Parliament of India
- Long title An Act further to amend the Constitution of India. ;
- Territorial extent: India
- Passed by: Lok Sabha
- Passed: 22 May 2006
- Passed by: Rajya Sabha
- Passed: 22 May 2006
- Assented to by: President A. P. J. Abdul Kalam
- Assented to: 12 June 2006
- Commenced: 12 June 2006

Legislative history

Initiating chamber: Lok Sabha
- Bill title: Constitution (One Hundred and Fifth Amendment) Bill, 2006
- Bill citation: Bill No. 15 of 2006
- Introduced by: Shivraj Patil
- Introduced: 1 March 2006
- Passed: 22 May 2006

Revising chamber: Rajya Sabha
- Passed: 22 May 2006

= Ninety-fourth Amendment of the Constitution of India =

Amendment in the Constitution of India

The Ninety-fourth Amendment of the Constitution of India, officially known as The Constitution (Ninety-fourth Amendment) Act, 2006, made provisions for the appointment of a Minister in charge of tribal welfare in the states of Chhattisgarh and Jharkhand.

The bill of The Constitution (Ninety-fourth Amendment) Act, 2006 was introduced in the Lok Sabha on 1 March 2006 as the Constitution (One Hundred and Fifth Amendment) Bill, 2006. It was introduced by Shivraj Patil, then Minister of Home Affairs.

The bill was considered by the Lok Sabha on 17 May 2006 and passed on 22 May 2006. It was then passed by the Rajya Sabha on 22 May 2006. The bill received assent from then President A. P. J. Abdul Kalam on 12 June 2006, and came into force on the same date. It was notified in The Gazette of India on 13 June 2006.

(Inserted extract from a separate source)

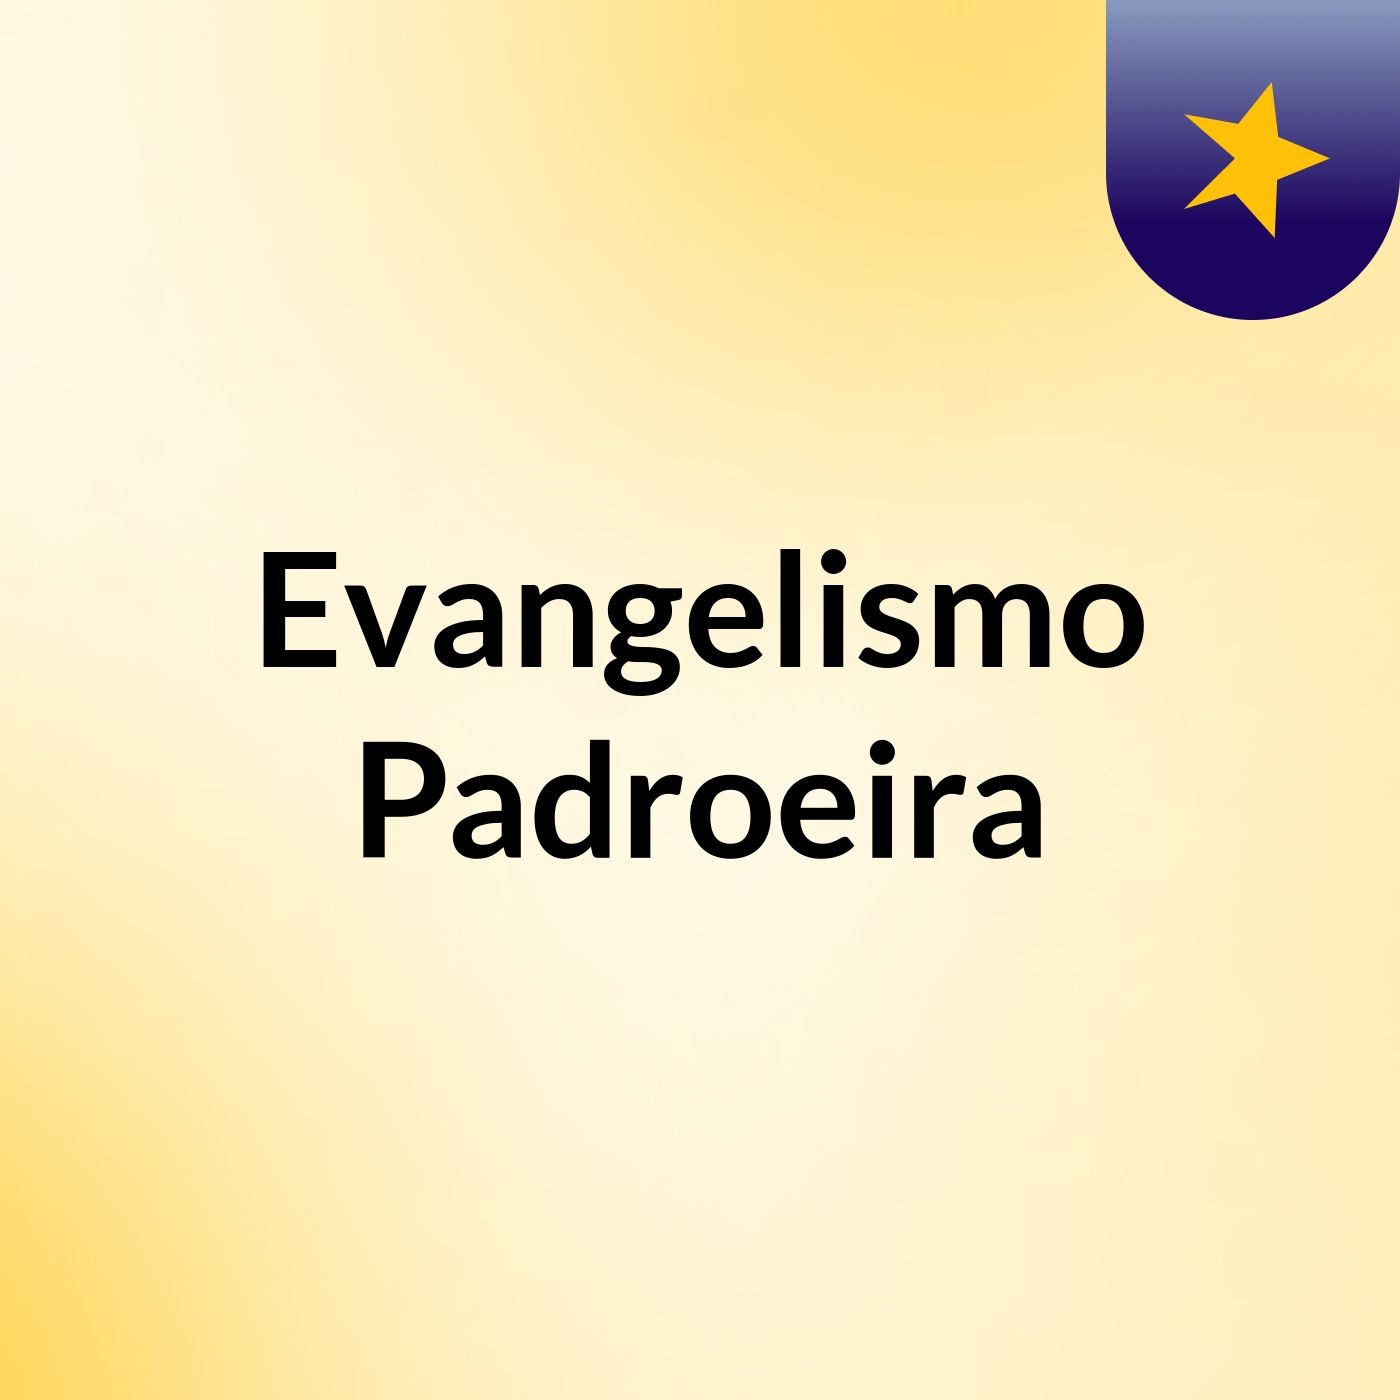 Evangelismo Padroeira
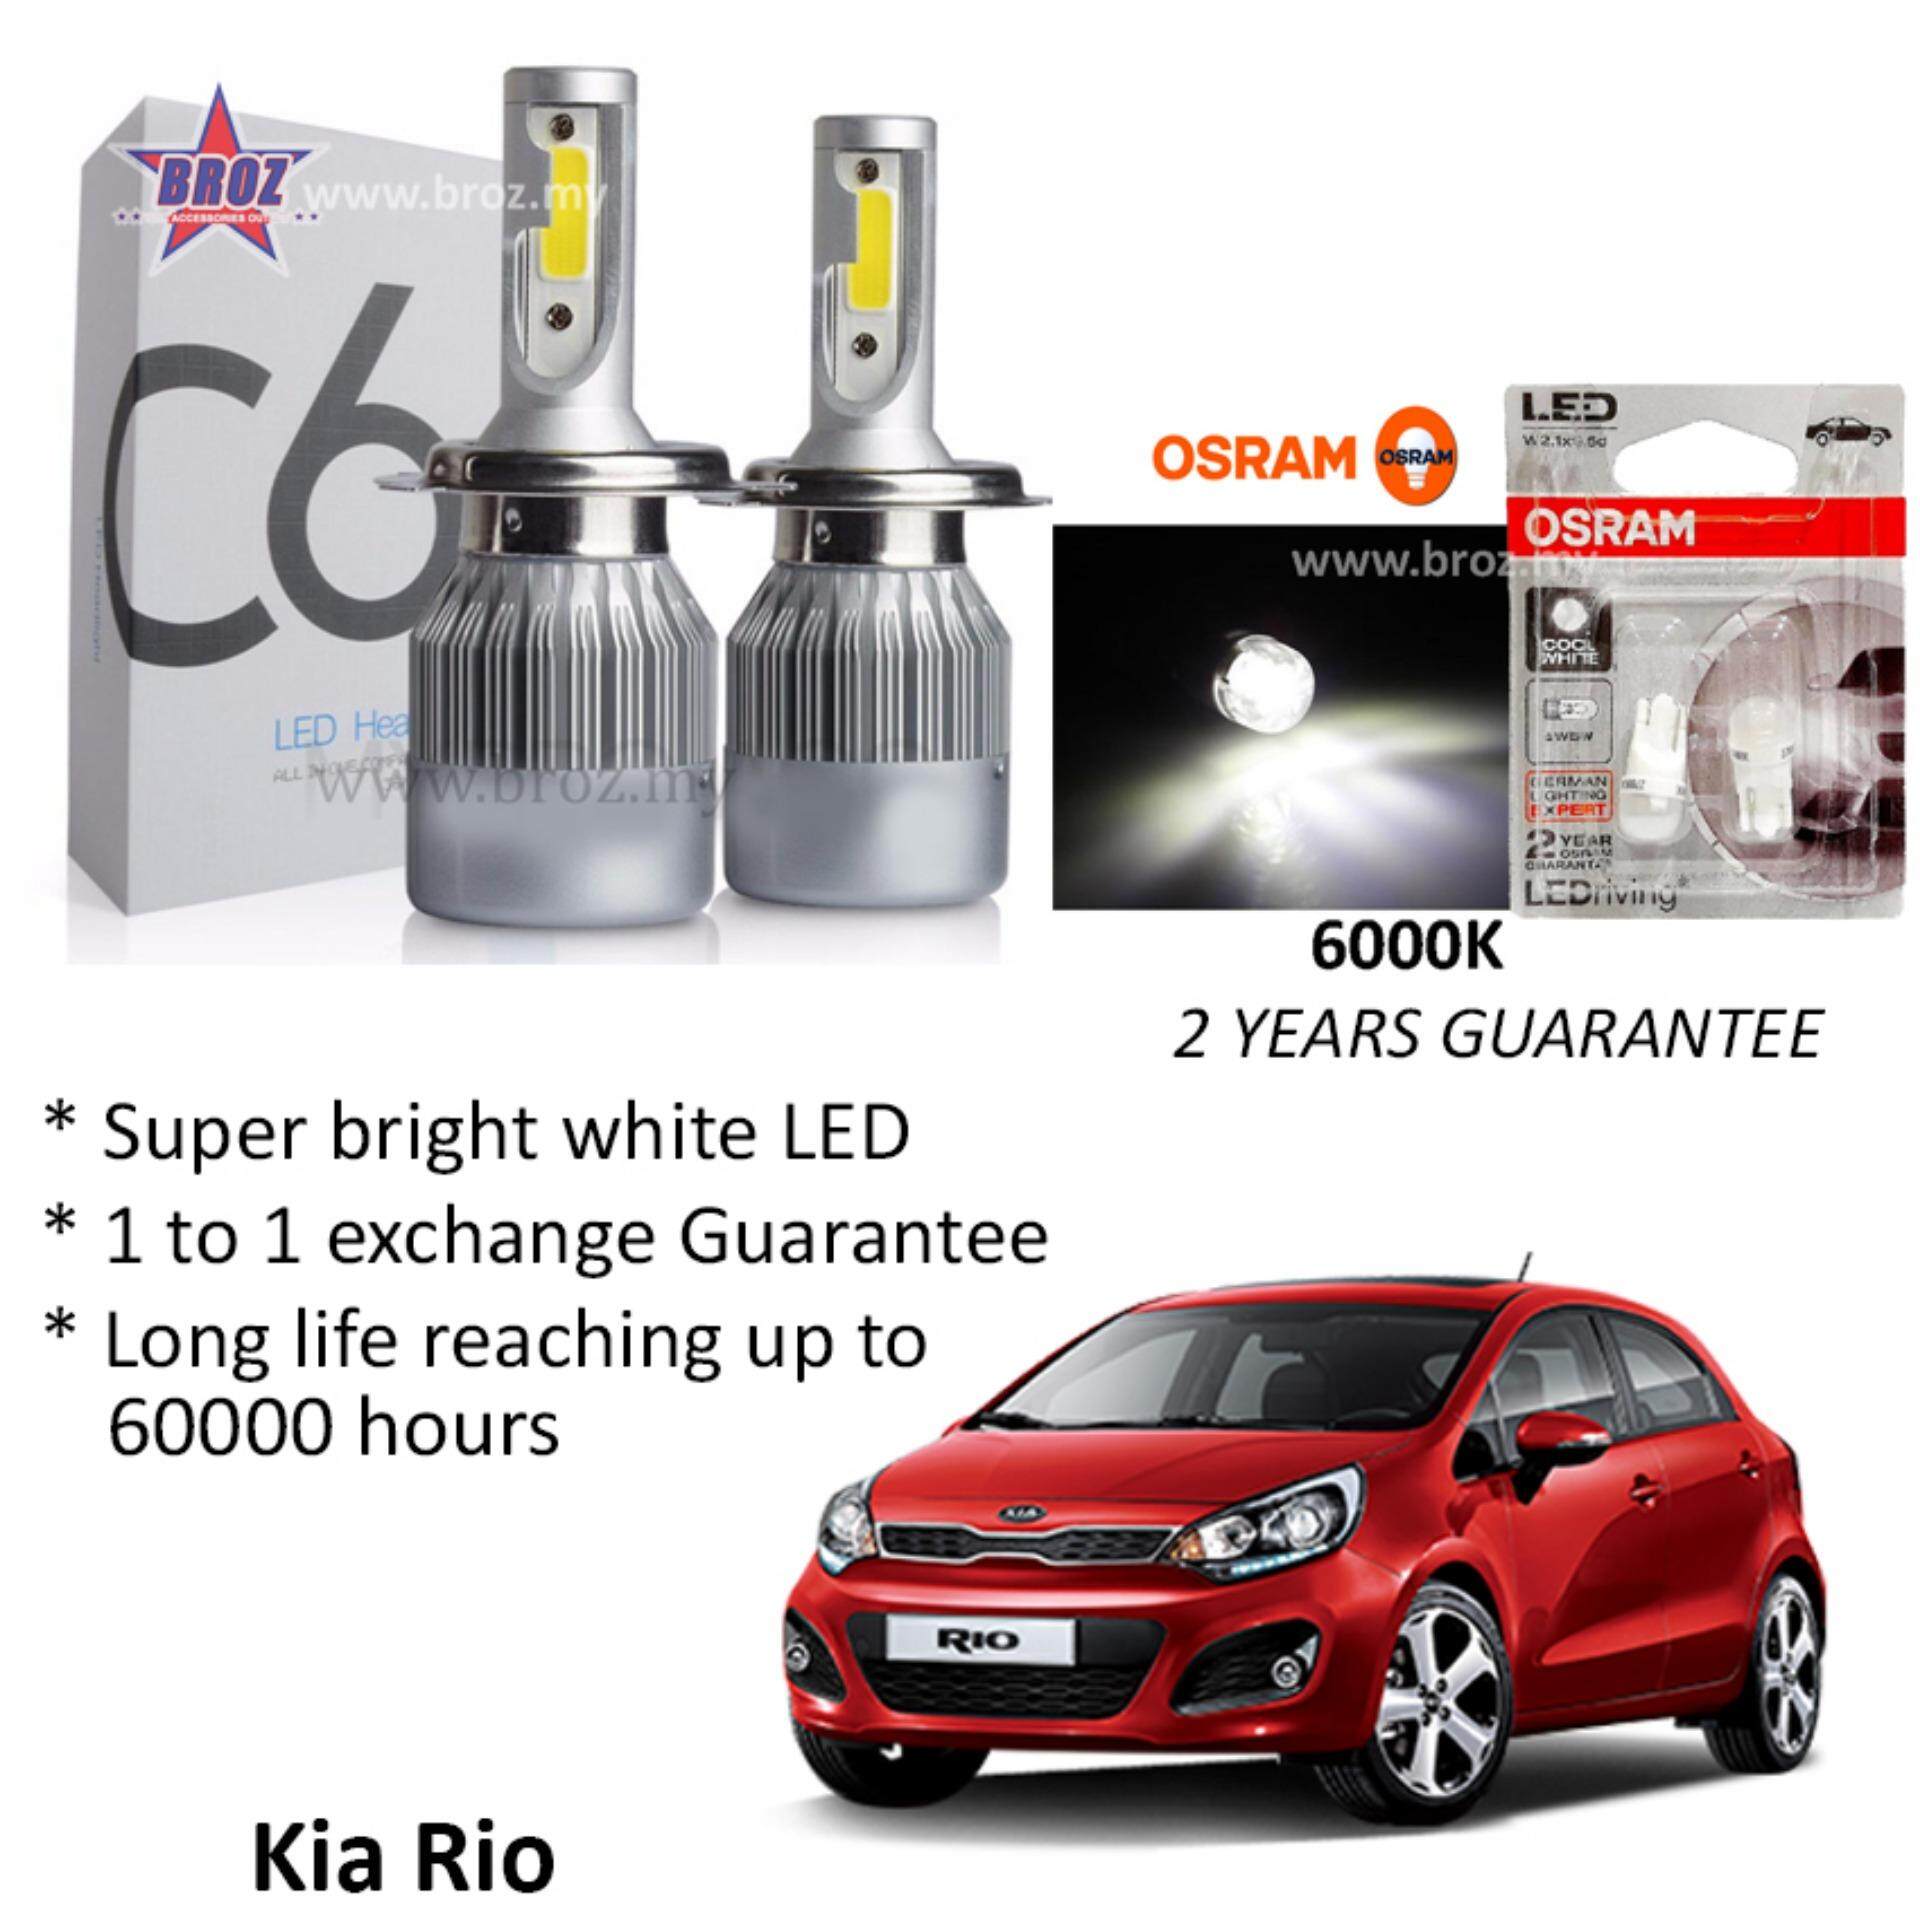 LED Headlight Kit H4 9003 White 6000K Hi/Lo CREE Bulb for KIA Rio Rio5 2001-2017

== Ninety Fourth Amendment ==
The new states Chhattisgarh and Jharkhand were formed by the Madhya Pradesh Reorganisation Act, 2000 and the Bihar Reorganisation Act, 2000. As a consequence of the reorganisation of Chhattisgarh and Jharkhand, the whole of the scheduled area of Madhya Pradesh was transferred to Chhattisgarh. Therefore this amendment has substituted the word Bihar in Article 164(1) of the Constitution by the words Chhattisgarh and Jharkhand.